Boots Guy
Copyright© 2026 by G Younger
Chapter 2
Young Adult Sex Story: Chapter 2 - Evan Miller shows up to college with a duffel, a toolbox, and boots he won’t part with. When a drunken Sigma Chi hookup lands him at the center of a viral clip—humiliated on a bar stool while the woman who led him on laughs it off—Evan becomes the campus’s nickname and its newest myth: “Boots Guy.” Instead of letting the jokes define him, Evan keeps showing up—on the quad, in labs, in quiet corners—doing the honest work the internet never sees.
Caution: This Young Adult Sex Story contains strong sexual content, including Ma/Fa School First Slow
Lena
The bass from the Sigma Chi living room hit Lena Rodriguez in the chest before she even cleared the entryway. It was a physical force, rattling her ribcage and vibrating the floorboards beneath her feet.
Lena adjusted her leather jacket, checking the zipper. It was too hot in there for leather, but the jacket was a look. It signaled that she wasn’t there to be sweet, and she certainly wasn’t there to hold anyone’s hair back later that night.
“Jesus,” Maddy yelled over the noise, her voice cracking, “it’s packed.”
Lena wasn’t looking at her friend; she was busy scanning the room. It was the first Friday night of the semester, and the room smelled like frat boys: cheap body spray and spilled beer.

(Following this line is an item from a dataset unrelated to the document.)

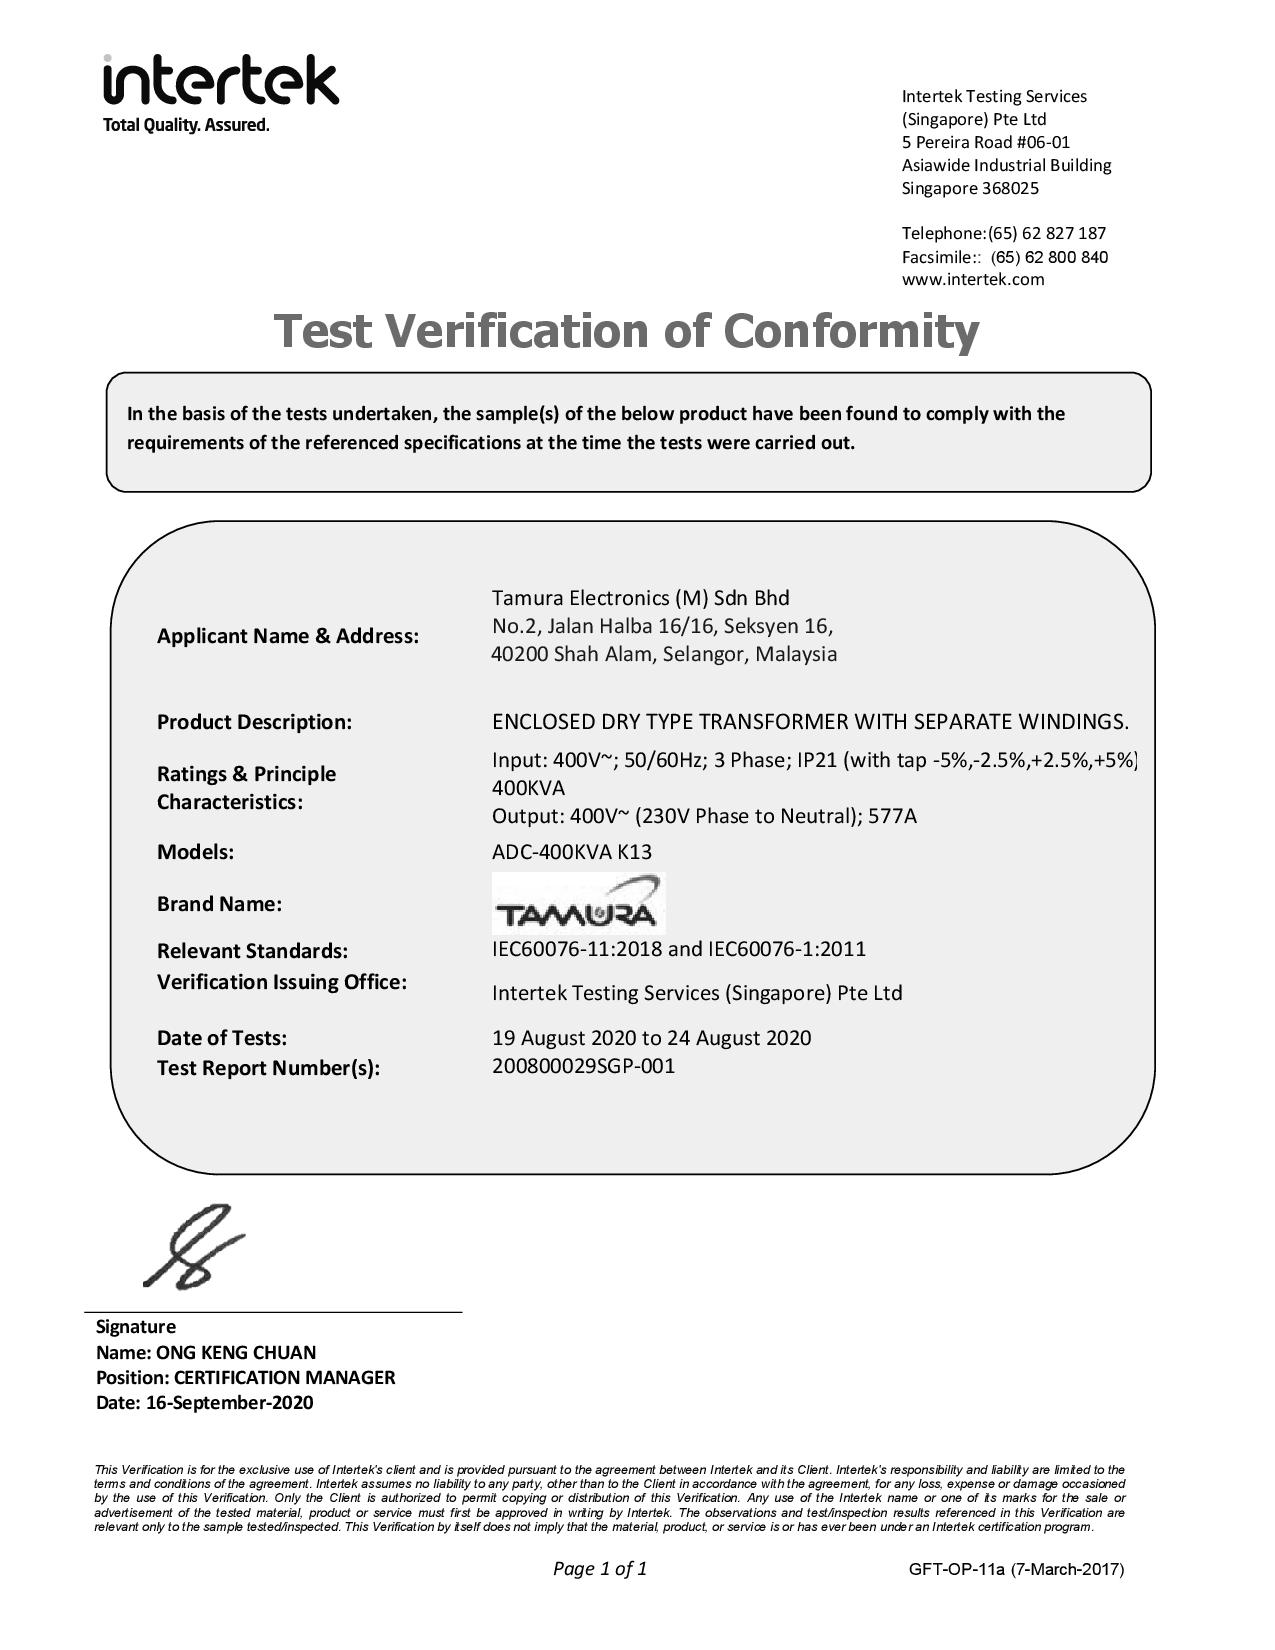 Type Test VOC IEC60076

“It’s a frat house, Maddison,” Lena said, though she knew Maddy couldn’t hear her. “Packed is the point.”
Lena moved forward, her eyes narrowing as she surveyed the terrain. The living room had been stripped of anything breakable. What remained were heavy, abused leather couches pushed against the walls, and a makeshift DJ booth on a folding table draped in a plastic tablecloth. The lighting was a seizure-inducing mix of strobes and red gels taped over the recessed can lights.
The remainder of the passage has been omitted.